• **Required action**:
If you see a picture in the data below, omit it and copy the rest exactly.

• **Data block**:
======

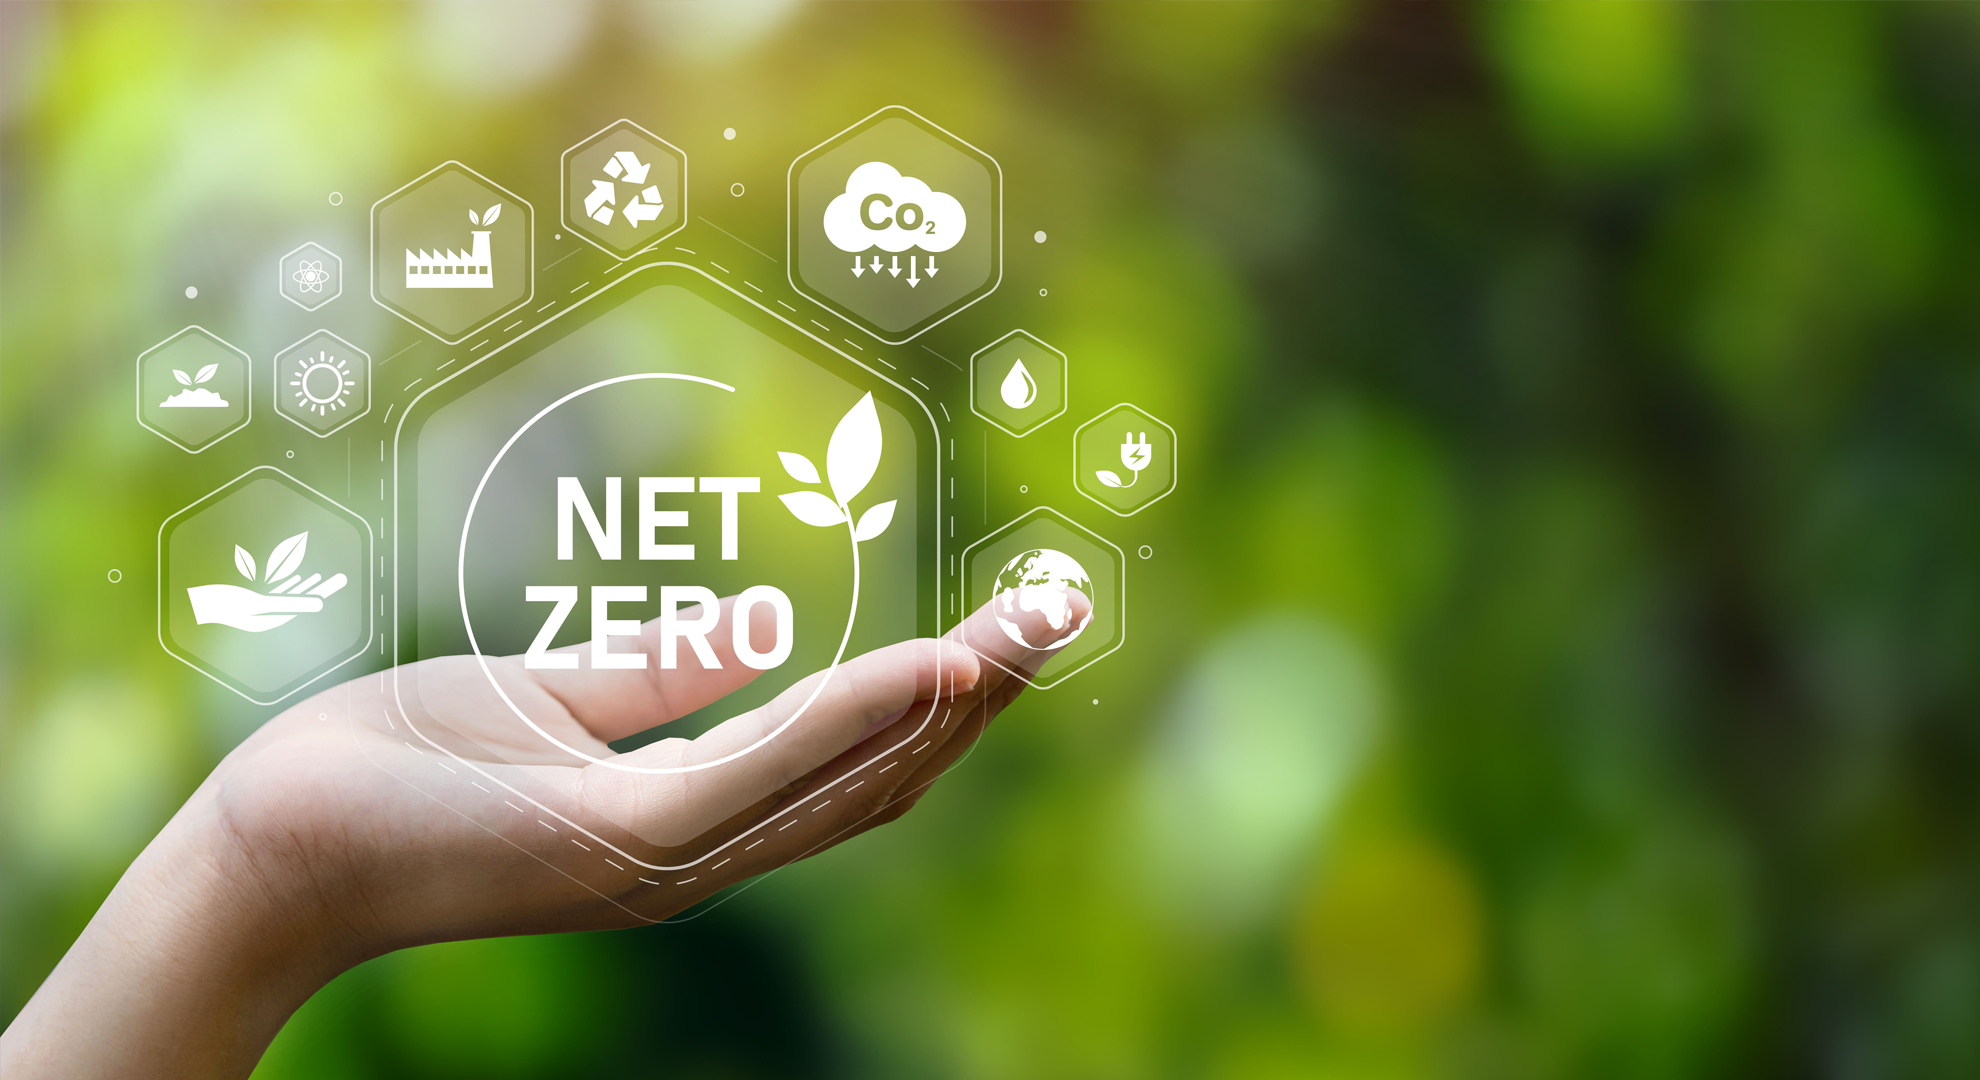 An open hand with an illustration of environmental symbols within it, along with the words 'Net Zero'
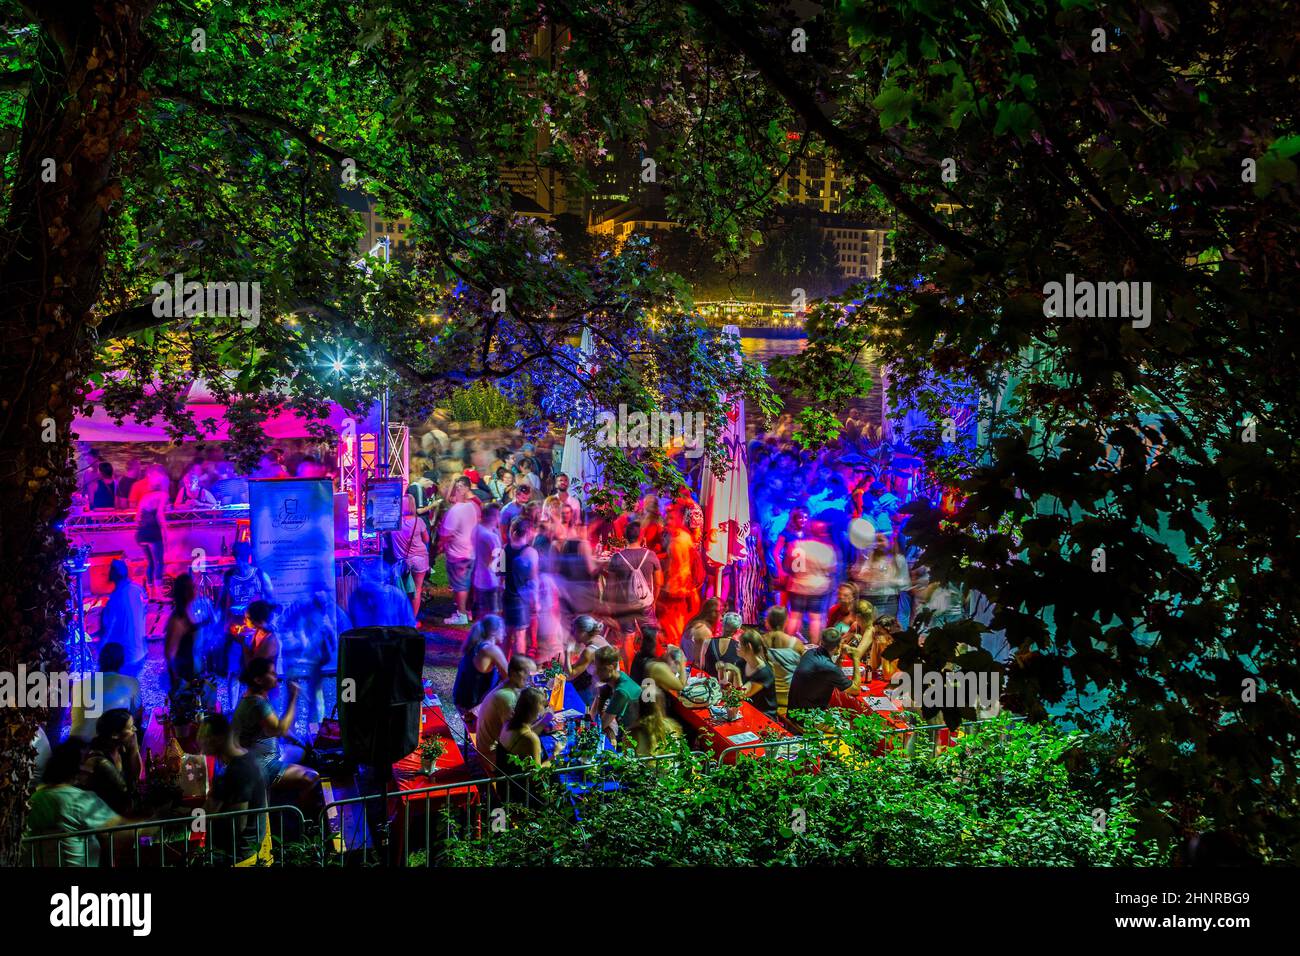 people enjoying the museum festival in Frankfurt, Germany in the park with light installations Stock Photo
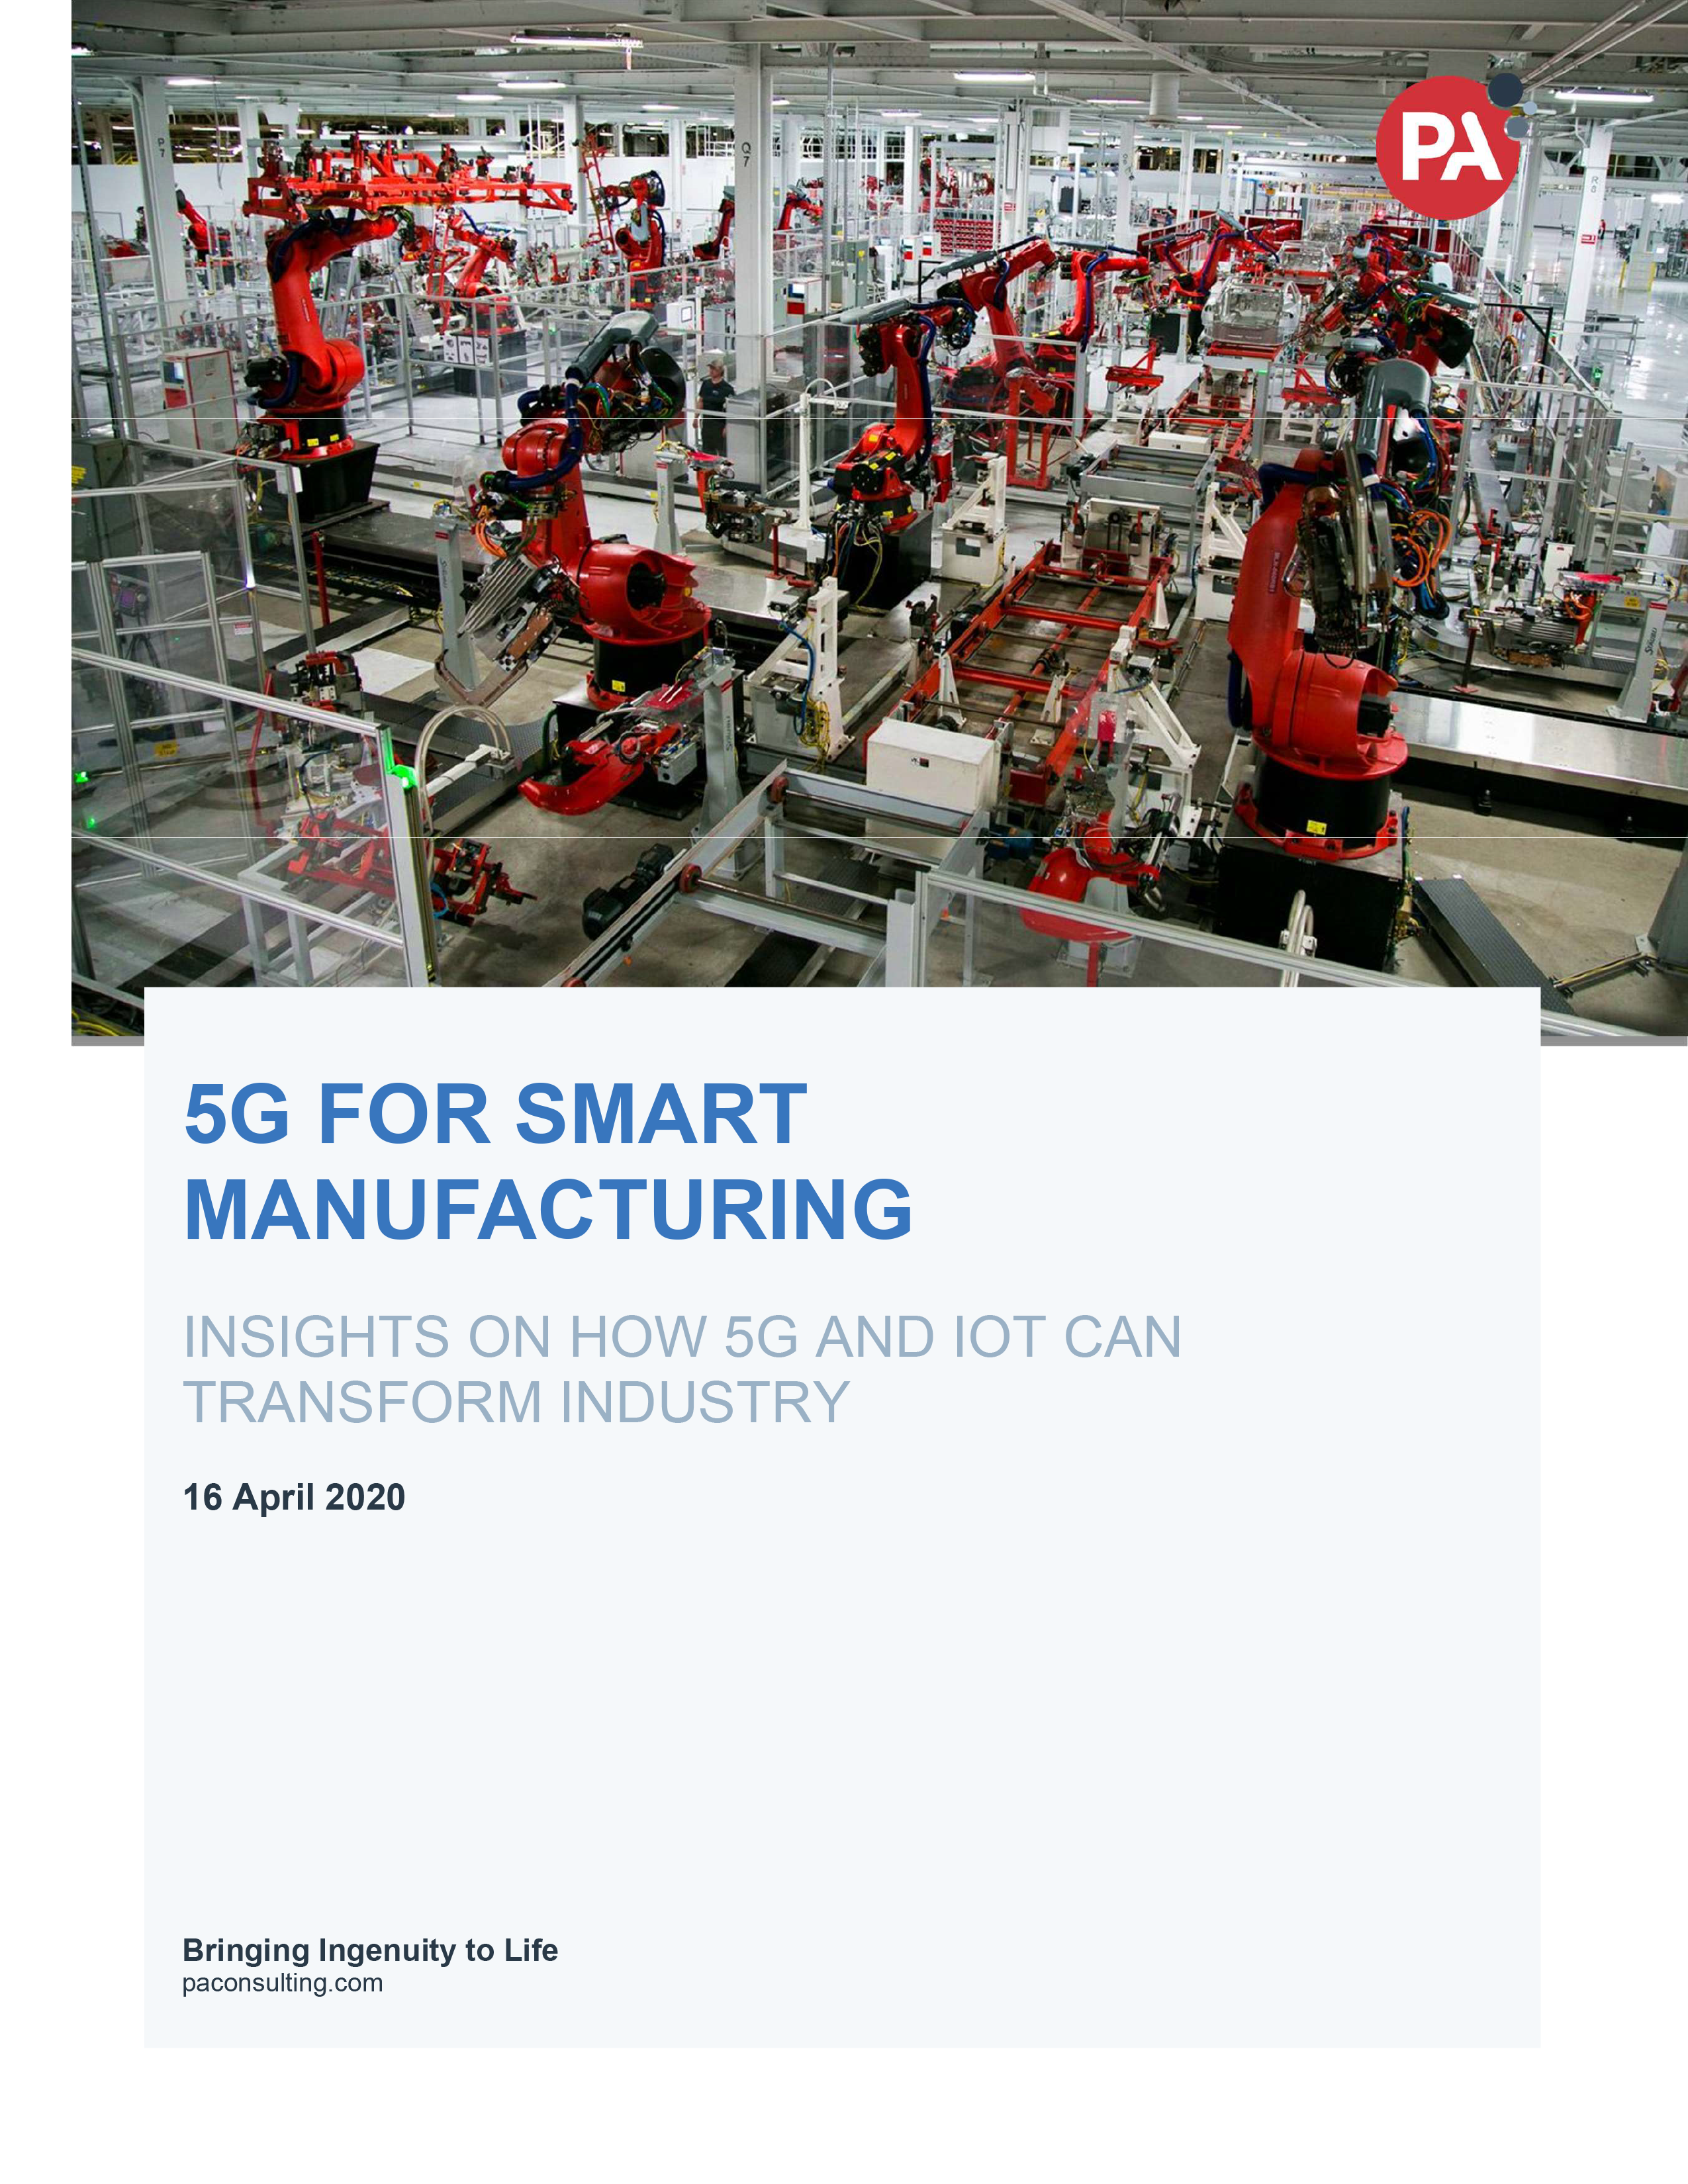 5G for Smart Manufacturing – Insights on How 5G and IoT Can Transform Industry image

======

• **Written reply**:
 An open hand with an illustration of environmental symbols within it, along with the words 'Net Zero'
 people enjoying the museum festival in Frankfurt, Germany in the park with light installations Stock Photo
 5G for Smart Manufacturing – Insights on How 5G and IoT Can Transform Industry image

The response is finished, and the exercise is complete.